HKSA is detrimental to HPHT. Let us have a mini-throwback to the joint management scheme in 2017, whereby HPHT was confident of improving the profitability. It was apparent that was not the case. Despite narrowed cost base, the assignment of vessels to berths and the cargo mix to be handled are not favourable to HPHT. Consequently, HPHT profitability did not improve when it should have pulled a gap over the cost with a well-heeled revenue. The HKSA is no different in essence. Competition has eased now that the Kwai Tsing terminals in Hong Kong are under an operation team. As a bigger brother in Hong Kong compared to Modern Terminals, and certainly with a heavier invested asset, EBITDA should not be shared equally with Modern Terminals. It is of the case of a younger brother bullying the profits out of the older brother.

The critical risk is for management to continue leeching investors’ funds. Performance just does not match up with their remuneration, and that the Board of Directors is ineffective in expressing investors’ concerns.

Trading opportunities backed by the valuation

Our stress-tested valuation of USD 0.158 per unit takes into account the HKD 0 revenue in 2020, complete impairment of intangible assets, and an acquisition by a Chinese port operator when the political sentiments moderate.
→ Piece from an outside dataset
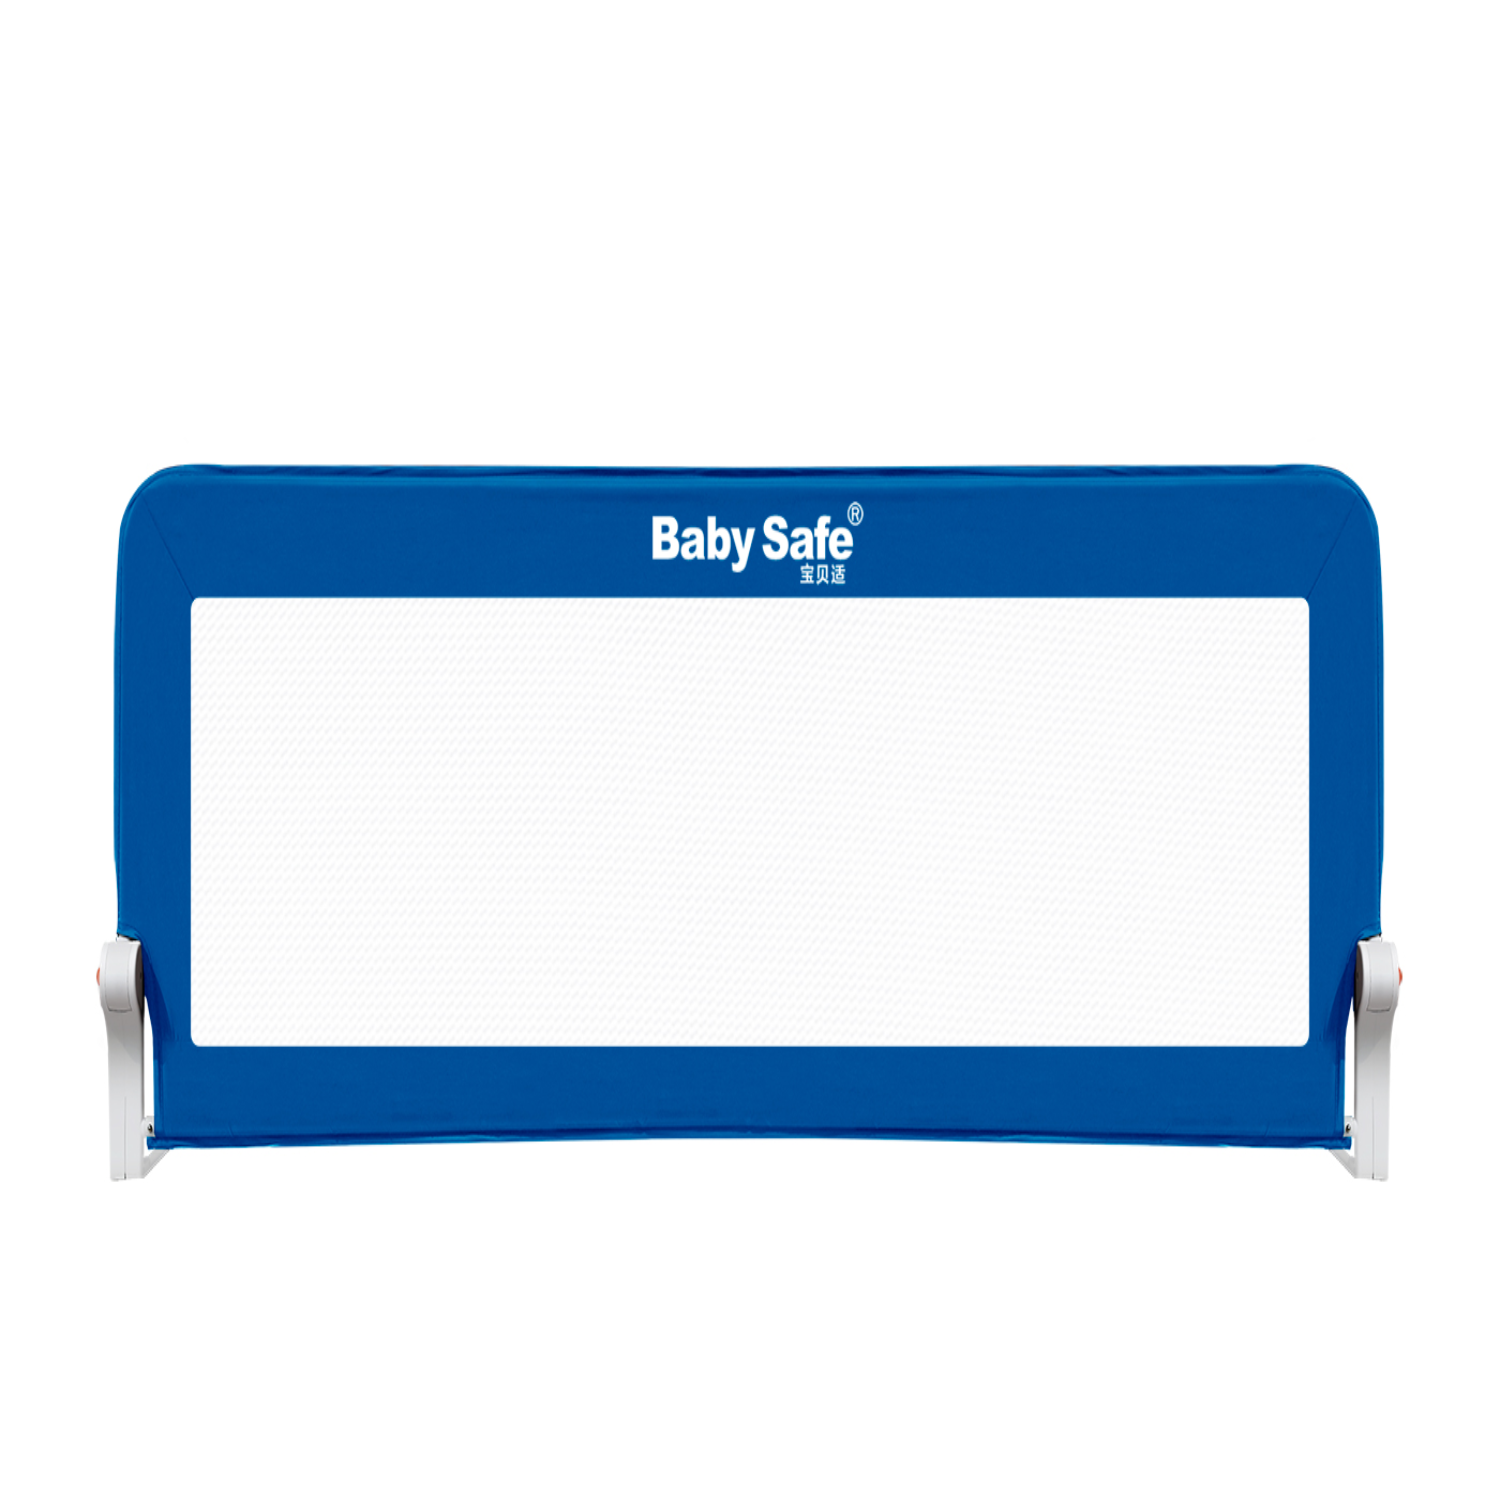 Барьер защитный для кровати Baby Safe 150х66 синий - фото 2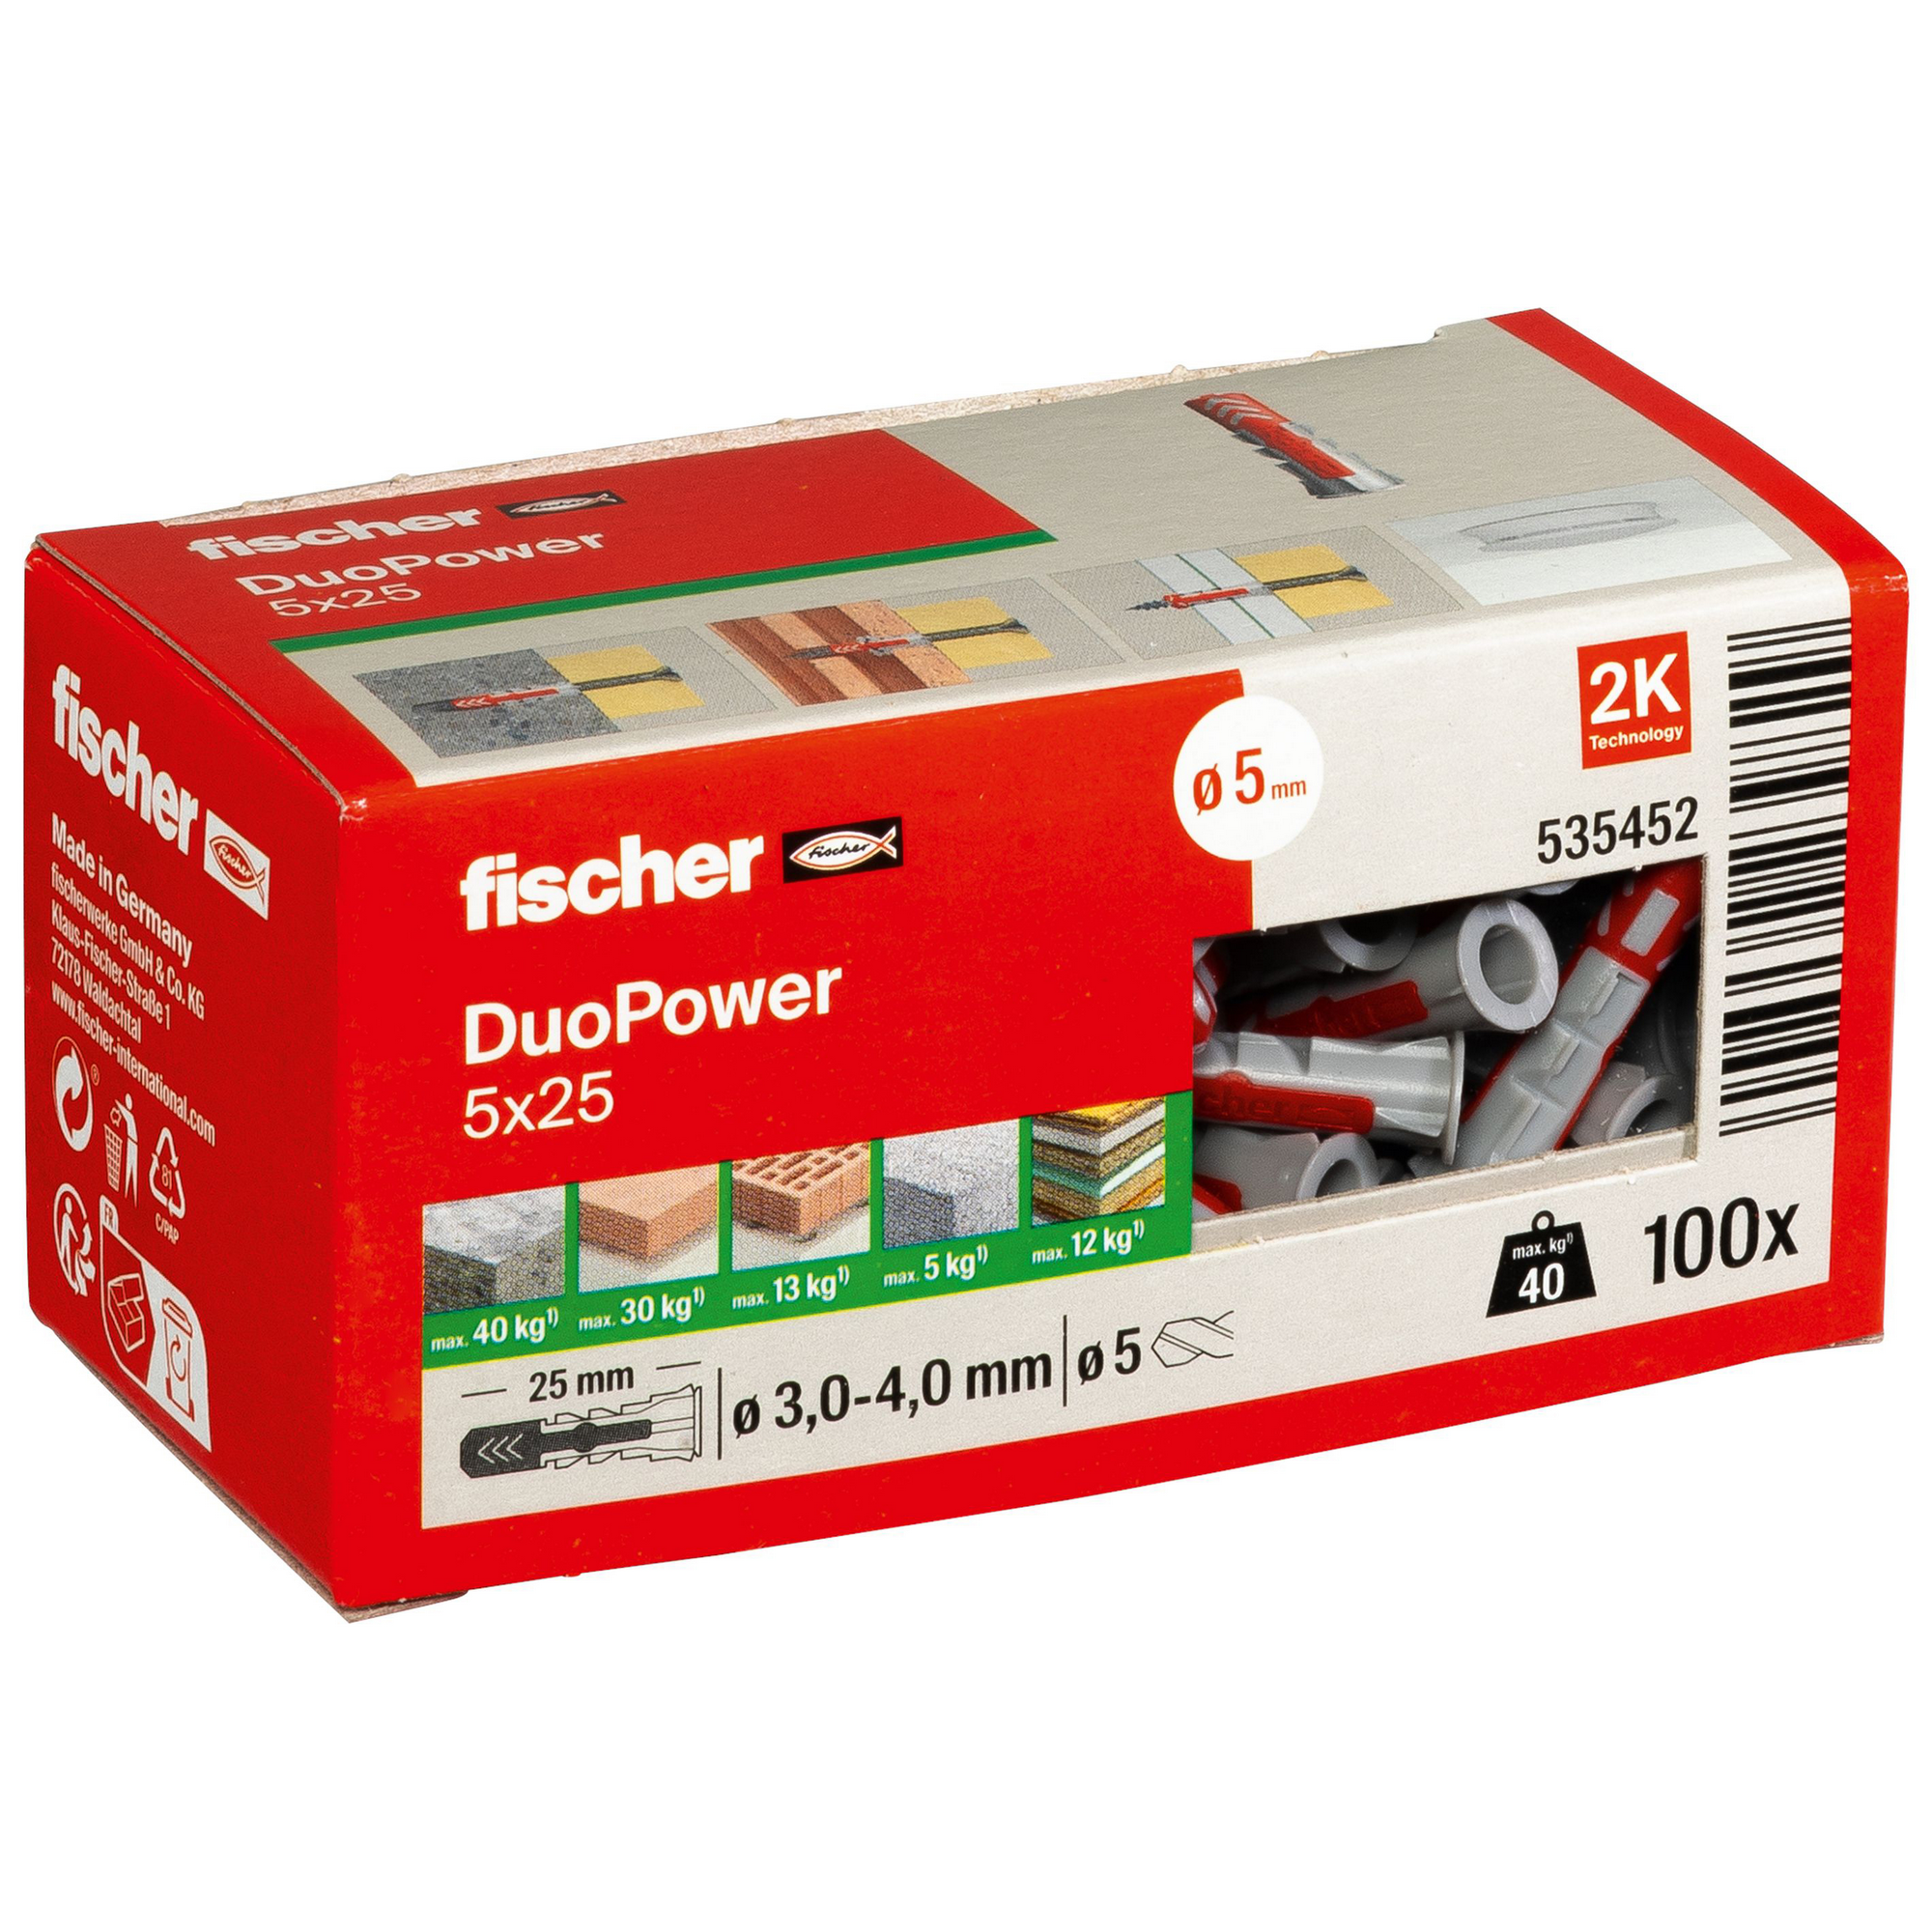 fischer DUOPOWER 5 x 25 LD 100 Stück + product picture

The implementation of the Hong Kong Security Law saw HPHT touching a low of USD 0.089 per unit on 30 June 2020, before mysteriously closing at slightly above the previous day’s close price.

The bulk purchase happened between 5pm and 5:05pm on that very day, pointing towards a keen institutional interest in a bottom-low HPHT. On 1 July 2020, the 23rd anniversary of Hong Kong’s return to China, share price surged 11% when for the past 2 decades or so, this day was a day of protests crippling Hong Kong stock market. The hardline approach by Beijing is working to bring about stability in Hong Kong. There is light at the end of the tunnel. Dissidents may leave Hong Kong to the UK (we bet UK residents are fuming now that they didn’t leave the EU for more Hong Kongers).

Where would the share price go is anyone’s guess. But without the 1H earnings report card, the benefit of the doubt would be given to HPHT to perform. After all, our valuation is based on HKD 0 revenue for 2020 amid the coronavirus outbreak.